Intracellular Roles of Polyphosphate

High cytoplasmic polyP levels have been found in various cell lines, including NIH3T3 fibroblasts, Vero epithelial kidney cells and Jurkat CD4+ T cells (19). Tissues with high energy demand and high regeneration or proliferation capacity (e.g., brain, heart, liver, and cancer cells) are rich in polyP (19–21). In line with polyP's function as energy storage pool, defective polyP synthesis confers disadvantages for growth and survival of bacteria, fungi and protozoa (9, 22, 23). In bacteria, polyP is bound to Ca²⁺ ions and complexed with poly-β-hydroxybutyrate forming membrane channels utilized for DNA uptake (24, 25).

In eukaryotes, polyP has functions in mitochondria and the polymer is enriched within the intermembrane compartment and uncouplers of oxidative phosphorylation decrease mitochondrial polyP levels in S. cerevisiae (26, 27). Degradation of polyP using Ppx1 polyphosphatase, that is localized to the mitochondrial intermembrane space by a cytochrome c-derived targeting sequence, decreases the membrane potential and increases NADH levels in mitochondria (28, 29). Moreover, polyP appears to contribute to opening of the mitochondrial permeability transition pore in cardiac myocytes. In these cells in culture, Ppx1-mediated polyP degradation inhibits mitochondrial Ca²⁺ ion accumulation and interferes with Ca²⁺-induced cell death that is associated with myocardial infarction and ischemia reperfusion injury (30).

Based on the function of the polymer for growth and survival, polyP is believed to have a role in malignant diseases. In cancer cells, polyP has been detected in epithelial tumor cell lines derived from prostate and mammary gland as well as in primary myeloma B cells (21, 31, 32). In addition to cancer-associated pro-coagulant activities of extracellular polyP (see below), the polymer facilitates various intracellular functions in cancer cells. PolyP increases the kinase activity of mammalian target of rapamycin (mTOR) in MCF-7 tumor cells and accumulates at nucleolar transcription sites in myeloma cells. In contrast, Ppx1-mediated polyP degradation and actinomycin D-induced transcription inhibition abrogate these polyP effects (31, 32). Together, the data suggest, that polyP may act as metabolic driving force in different cellular compartments, thereby promoting tumorigenesis.

As a negatively charged polymer, polyP exerts chaperone activity in bacteria such as E. coli (33, 34). Short and long chain polyP regulate ribosomal translation efficiency and ribosomal protein degradation, indicating a differential role of polyP dependent on chain lengths in bacterial protein biosynthesis (35, 36). Similarly to the polymer starch and its monomeric form glucose, polyP is condensed phosphate and reduces the concentration of P_i and thus the intracellular osmotic pressure conferred by the ion. The polymer acts as P_i storage pool and serves as non-enzymatic protein (pyro-)phosphorylation mediator (37, 38) [as does inositol pyrophosphate (39, 40)] in eukaryotes.
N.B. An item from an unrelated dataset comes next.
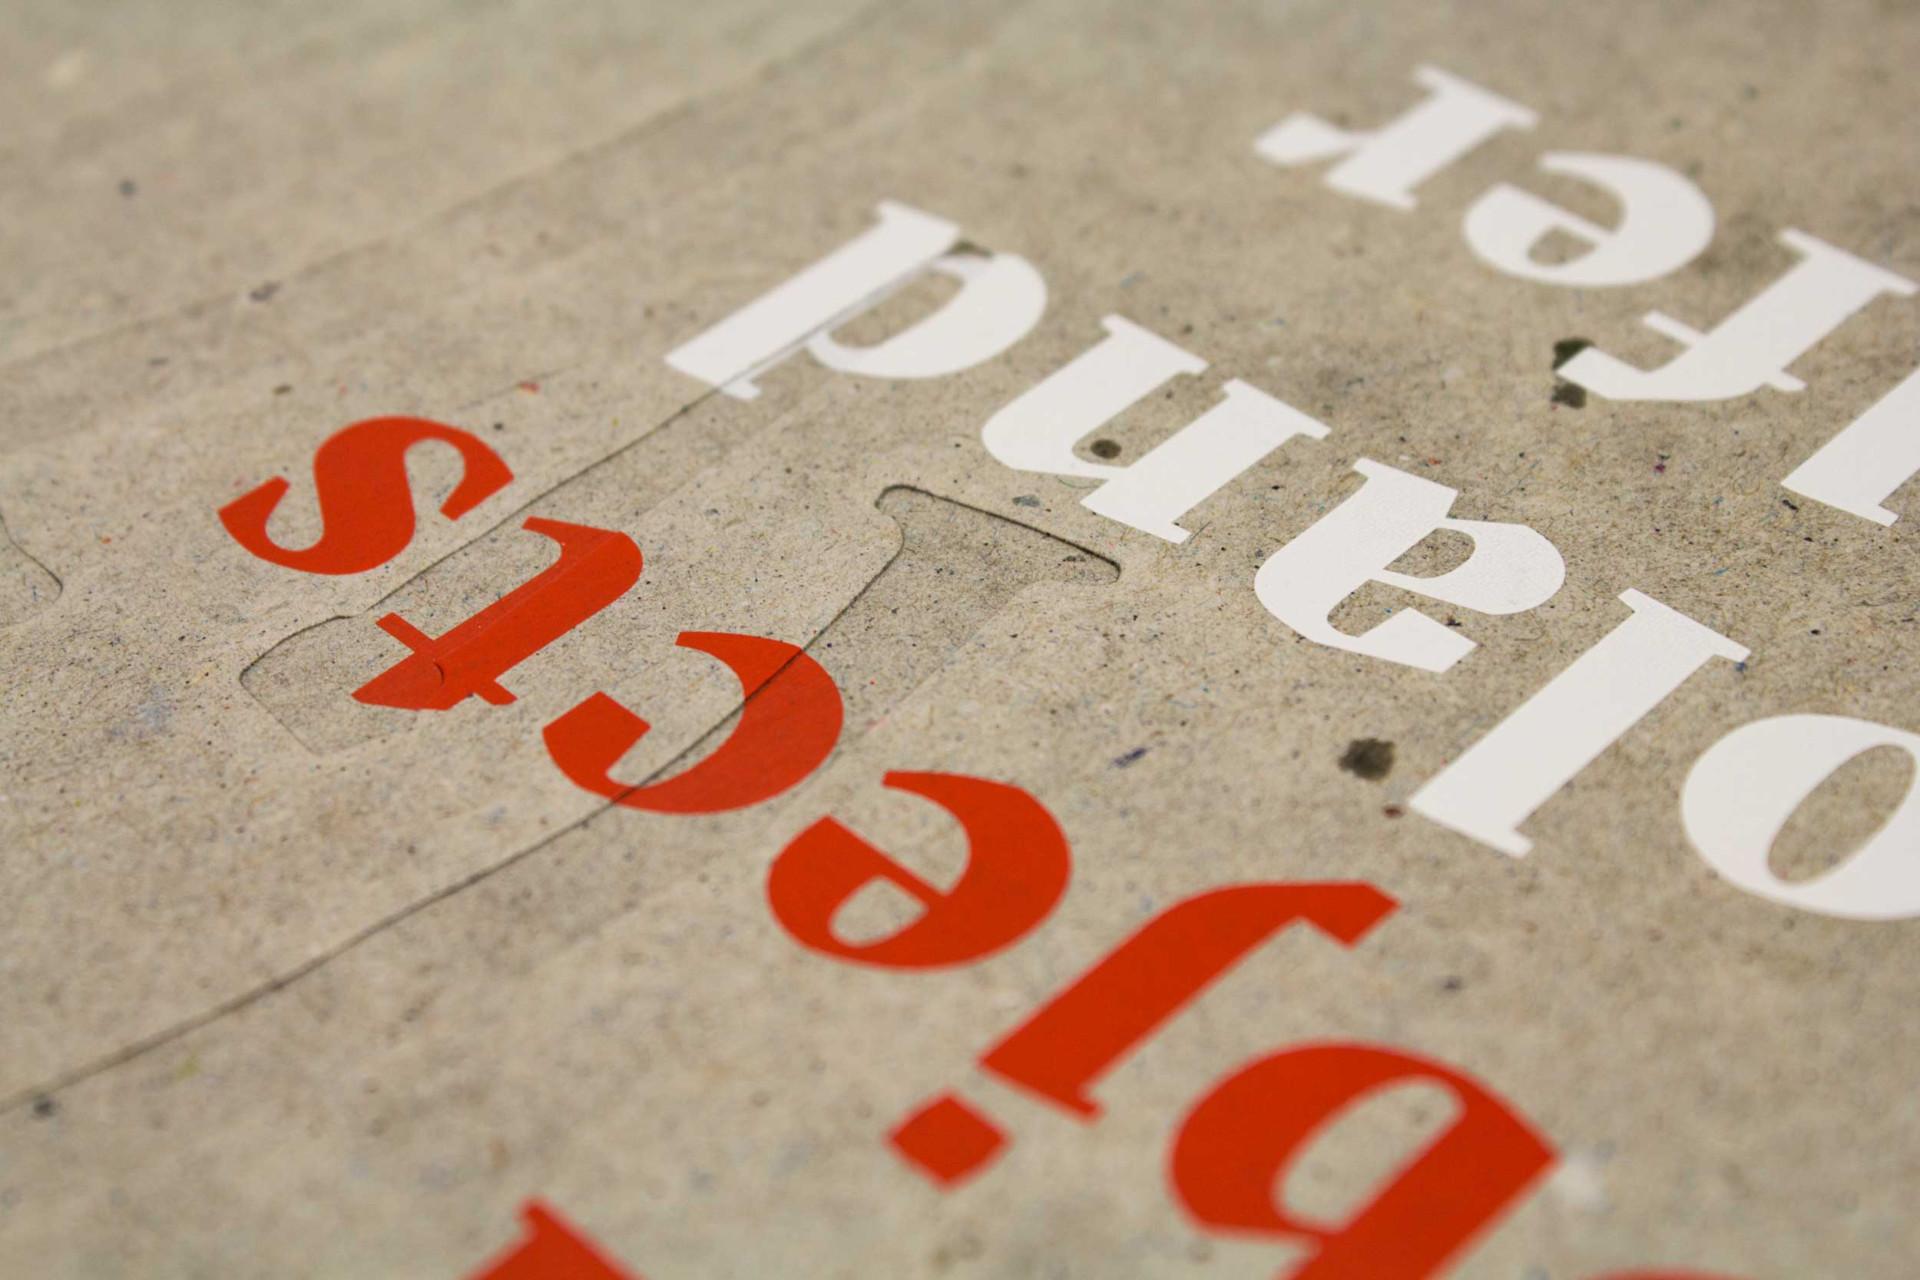 BKVK Nagelobjekte/Nail Objects, Roland Pulfer — Buchgestaltung

PolyP also activates the cytoplasmic portion of transient receptor potential (TRP) A1 and melastatin 8 in neurons (41, 42). Moreover, a recent report identified a glucokinase that relies on polyP as phosphoryl donor in the liver (43), indicating that future research on tissue-specific polyP functions may broaden our view of its physiological roles in various cell types. In this context, Ca²⁺-dependent, mTOR- and TRP-regulated immune responses could be a potential target for polyP.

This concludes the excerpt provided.